JANGAN langsung temperamental saat membaca judul di atas. Karena memang manusia tidak ada yang sama persis. Terlebih Prabowo adalah orang nomor satu di Indonesia. Pemimpin bagi semua anak bangsa, bukan hanya milik satu partai, apalagi satu golongan semata.
Tapi secara parsial, pada satu titik tertentu, sangat mungkin ada kesamaan antara Prabowo dan Arinal. Misalnya, dalam menjaga integritas.
Bicara soal jiwa ksatria, ada sederet catatan yang bisa diajukan dari Prabowo Subianto. Meski kalah dua kali dari Jokowi dalam kompetisi pemilihan presiden 2014 dan 2019, dirinya tetap bersedia dijadikan “pembantu presiden” masuk dalam jajaran kabinet. Bahkan, Prabowo all out menyingsingkan lengan baju, bekerja untuk mantan rivalnya itu.

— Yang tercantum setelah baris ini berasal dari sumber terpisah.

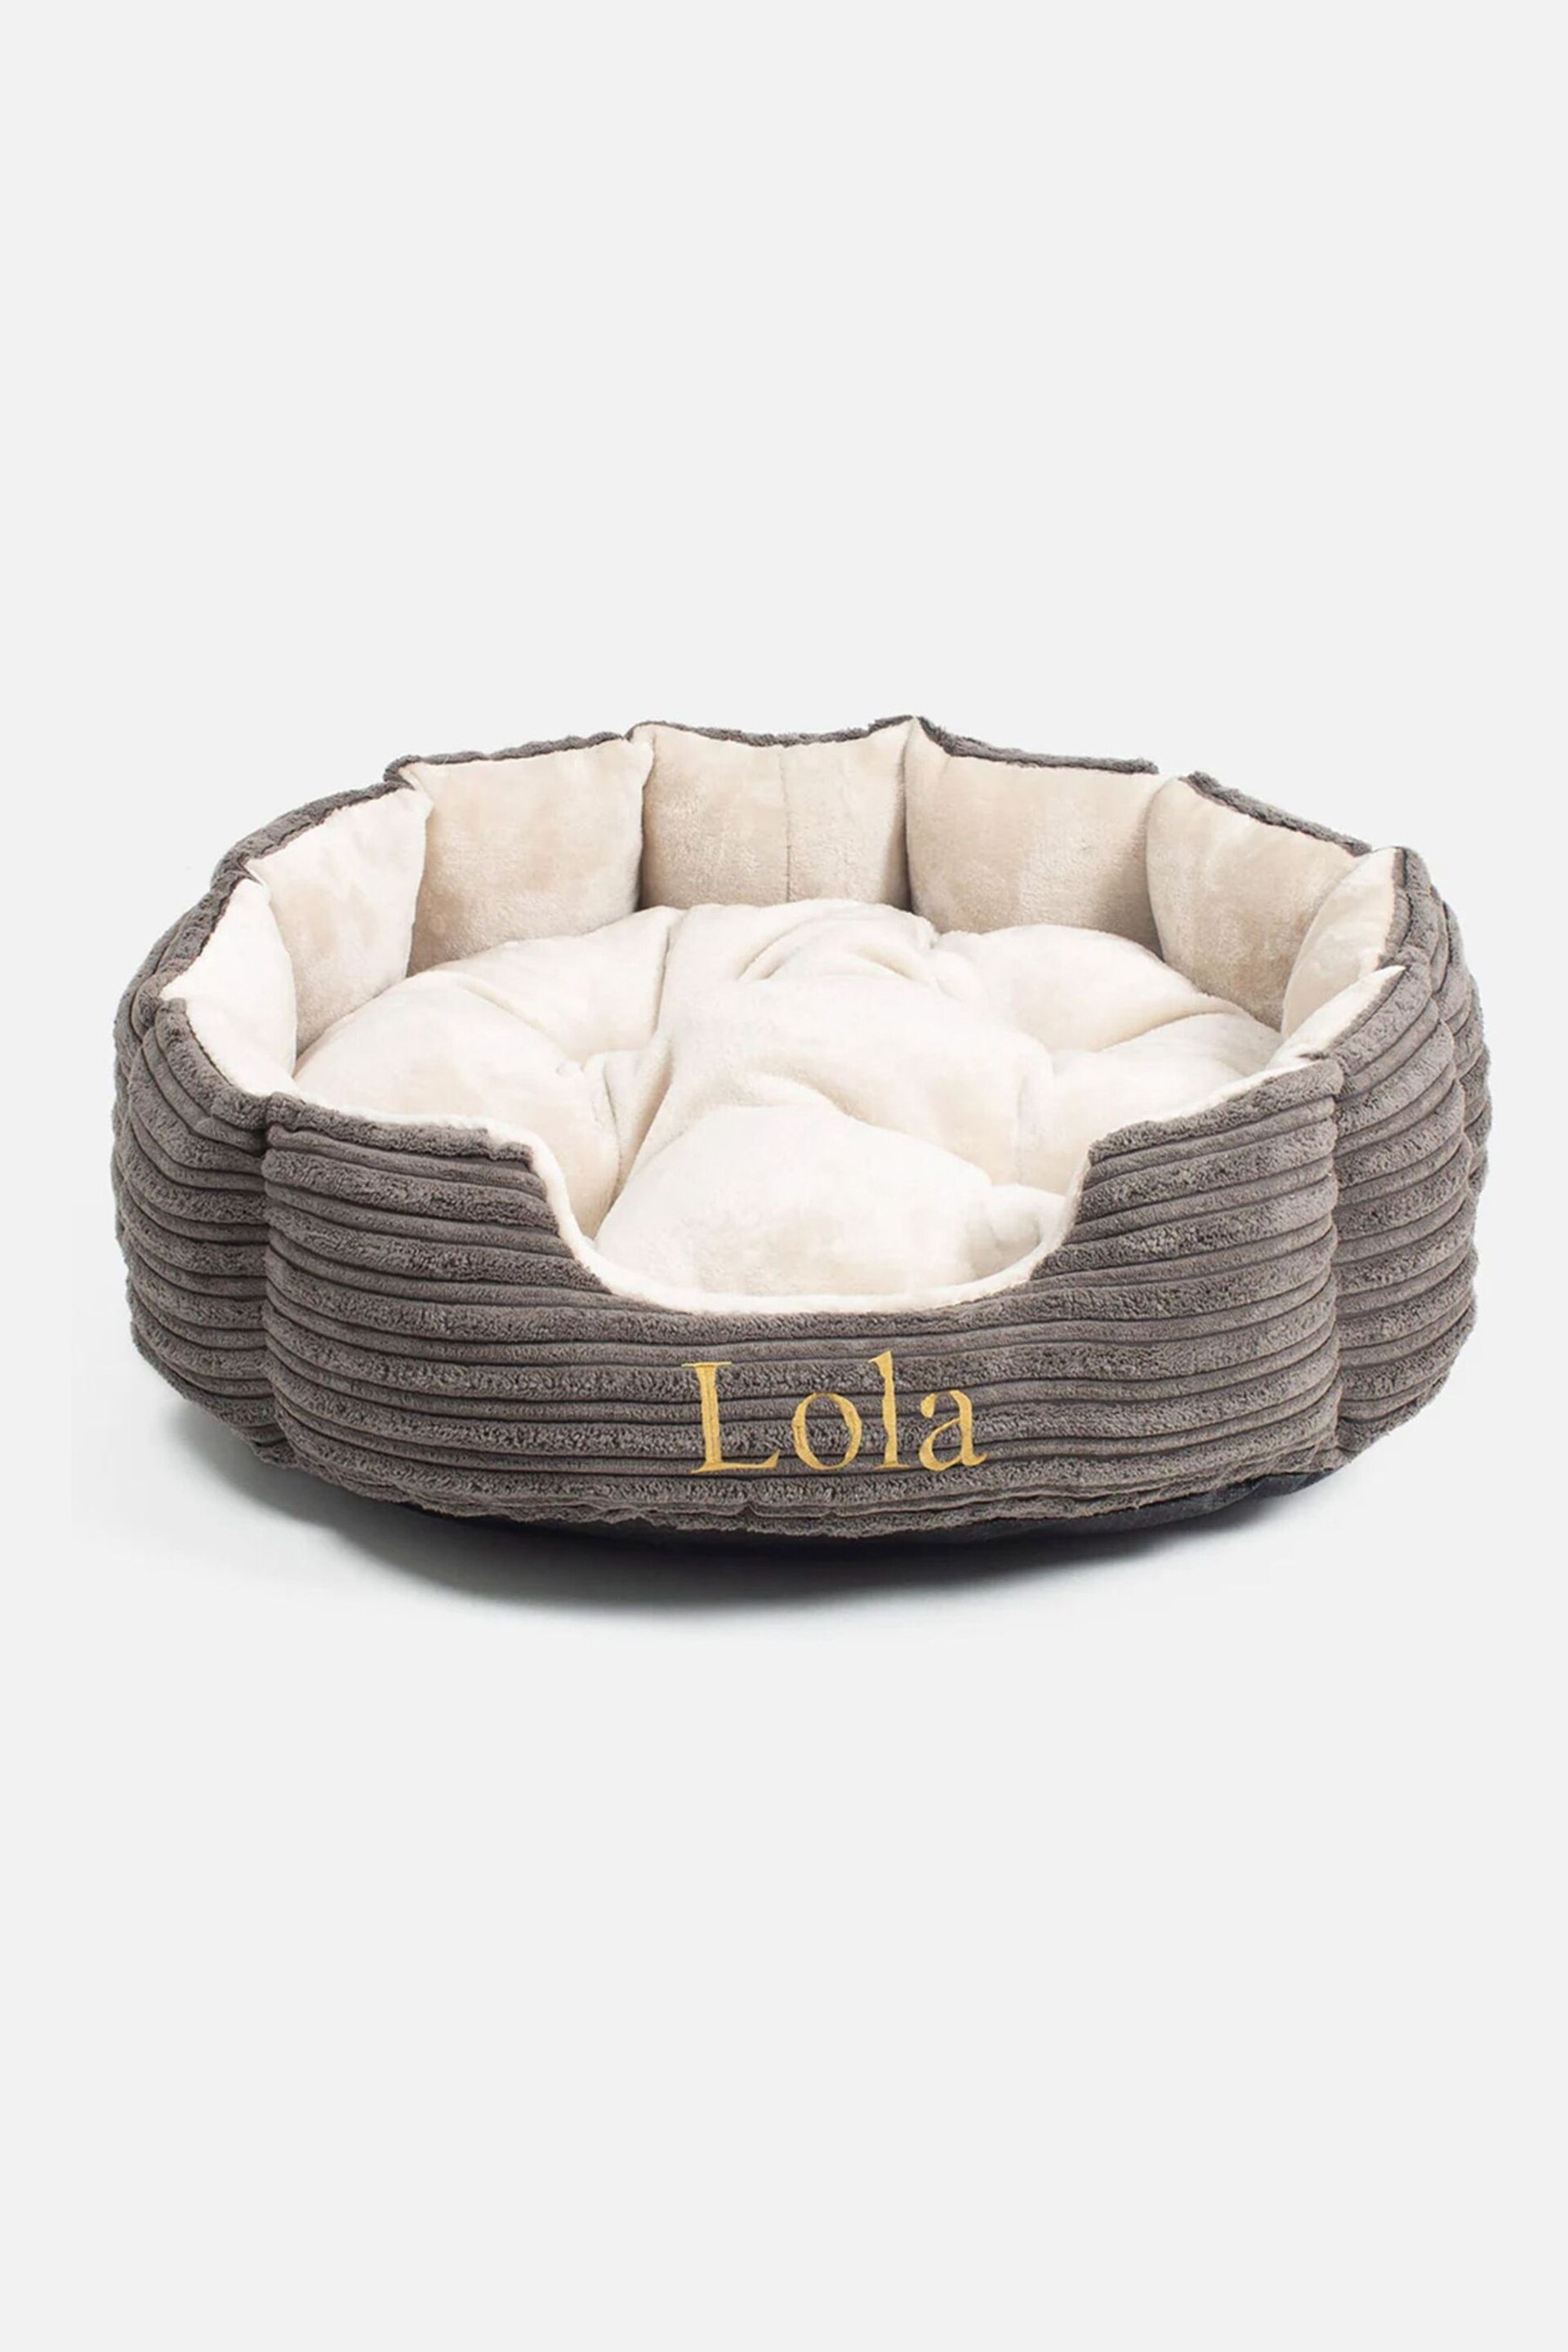 Lords and Labradors Dark Grey Essentials Round Dog Bed - Image 3 of 3

Berikutnya, mari tengok momentum yang berlangsung di Istana Negara, Jakarta, pada Selasa (22/10/2024) lalu. Ketika itu Presiden Prabowo melantik 7 tokoh nasional yang ditugaskan memberi masukan kepada presiden. Satu di antara barisan itu terdapat sosok Jenderal (Purn) Wiranto.
Saat prosesi pelantikan Wiranto tampak menghadap ke Prabowo. Penuh takzim dia memberi hormat ke Presiden, sebelum menandatangani berita acara. Wiranto mendapat kepercayaan dari Prabowo menjadi Penasihat Khusus Presiden bidang Politik dan Keamanan.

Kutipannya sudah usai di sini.